COLLECTED DATA:
== Segment start ==

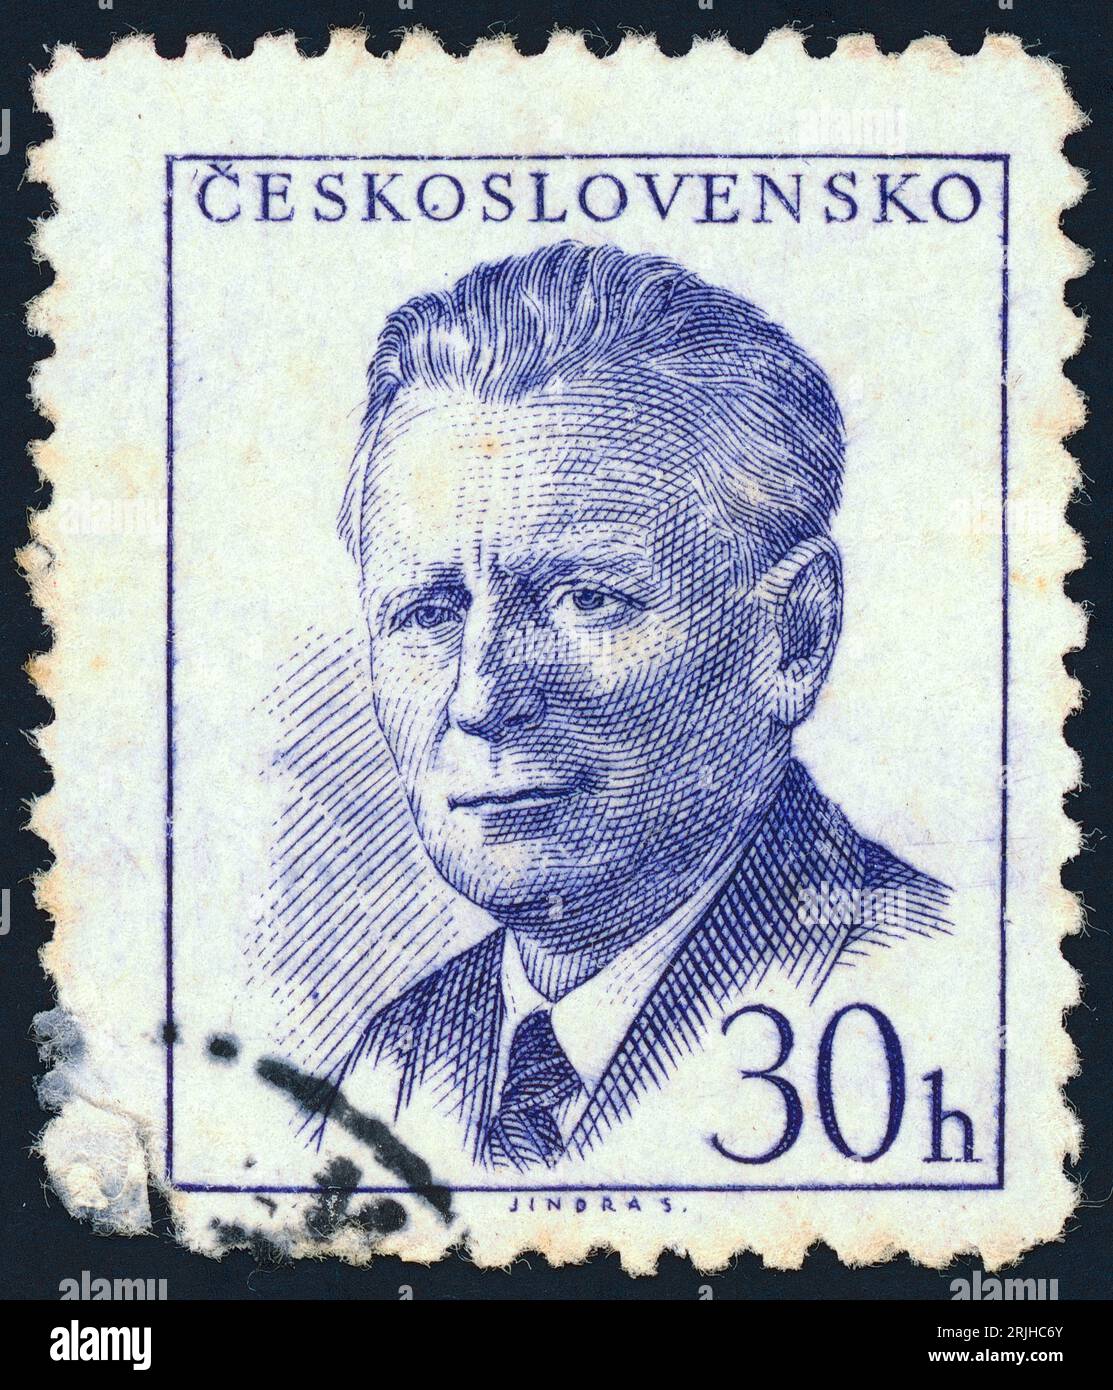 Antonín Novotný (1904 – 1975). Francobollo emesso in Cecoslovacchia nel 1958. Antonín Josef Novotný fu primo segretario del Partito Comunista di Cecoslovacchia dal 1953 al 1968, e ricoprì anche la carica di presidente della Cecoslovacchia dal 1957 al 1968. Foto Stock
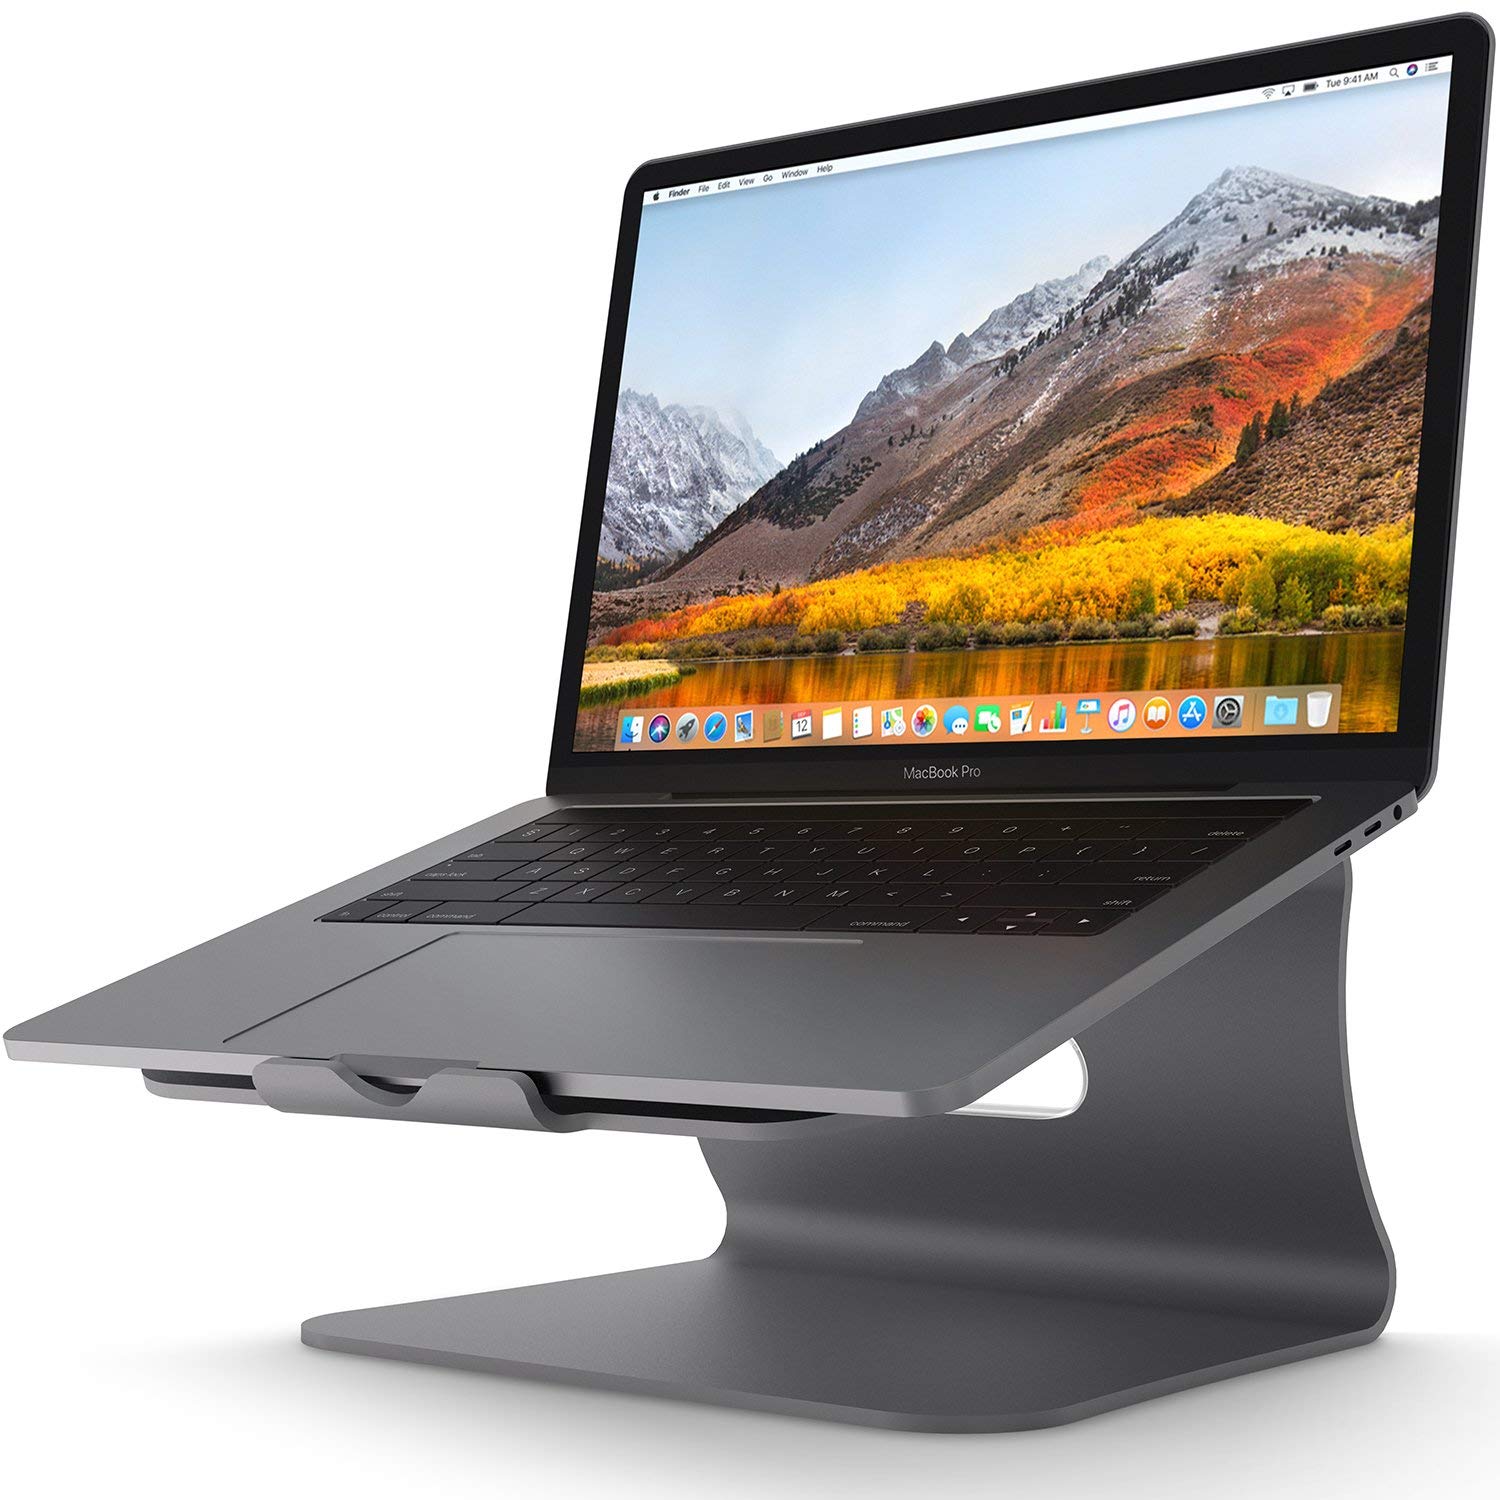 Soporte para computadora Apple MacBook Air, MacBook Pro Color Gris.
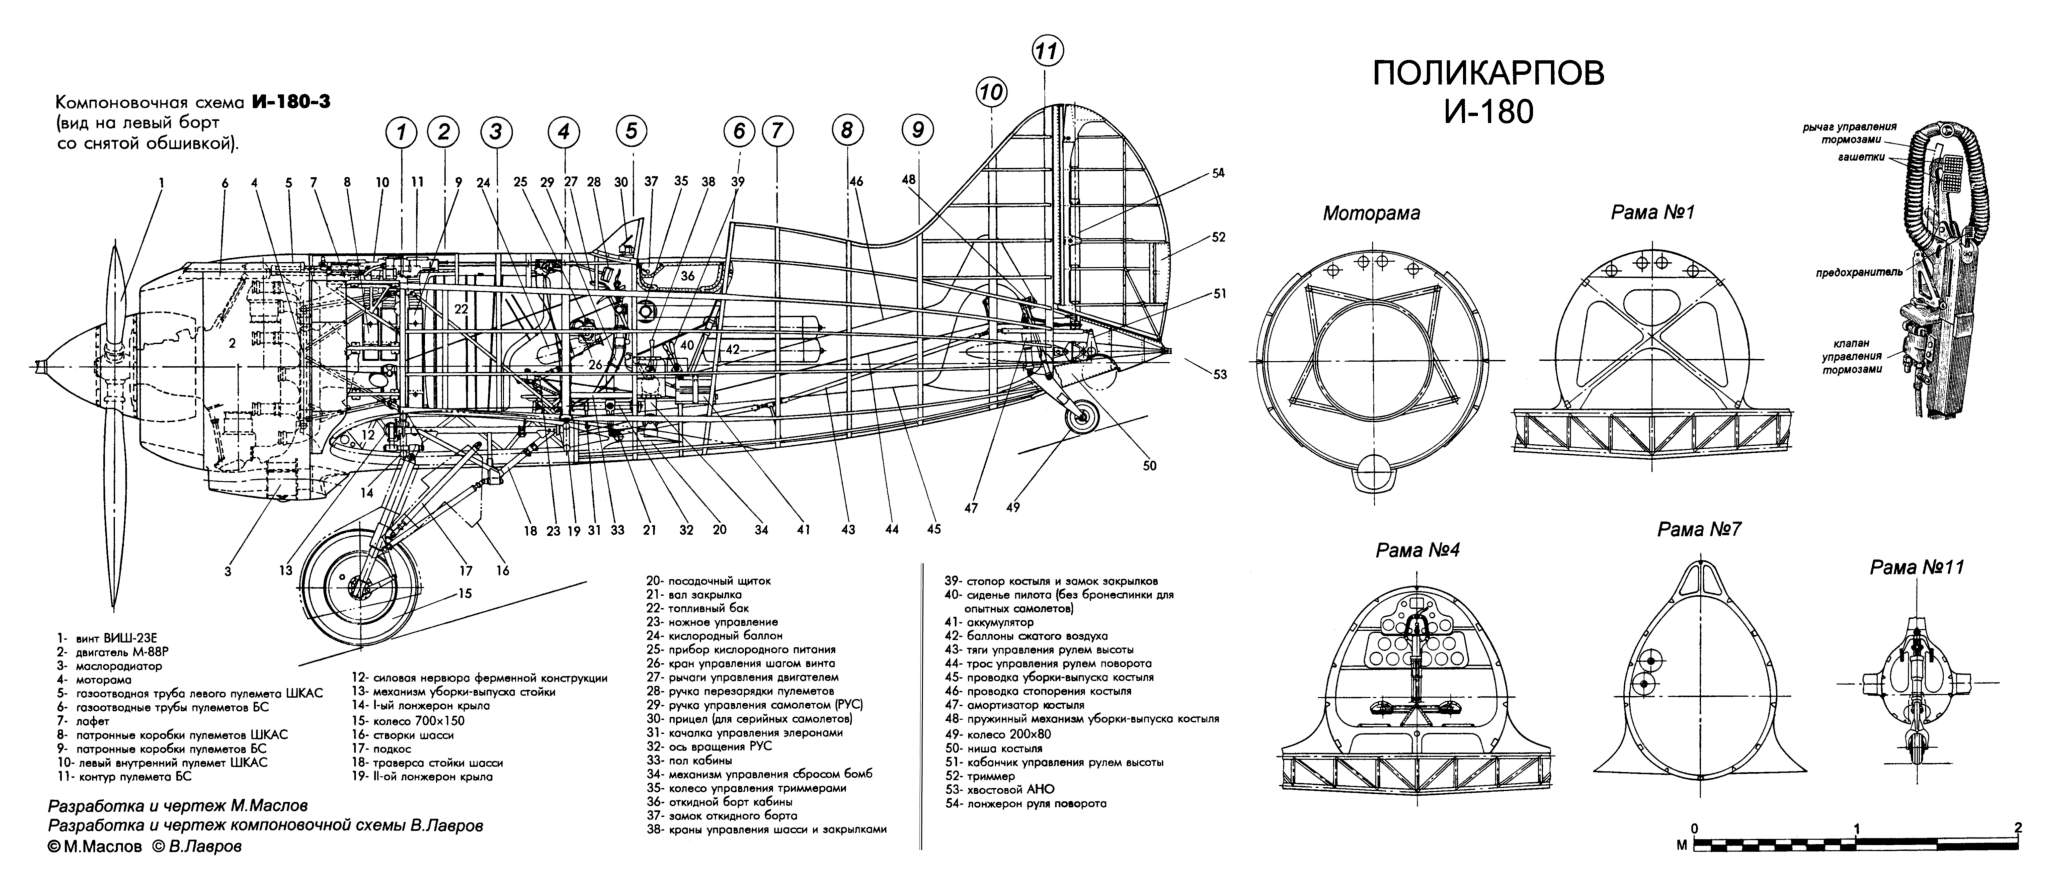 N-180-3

== Segment end ==

PROMPT: The expected output is every line from the line where "Soporte para computadora" appears to the final line of the material, unchanged and with no pictures.

OUTPUT:
 Soporte para computadora Apple MacBook Air, MacBook Pro Color Gris.
 N-180-3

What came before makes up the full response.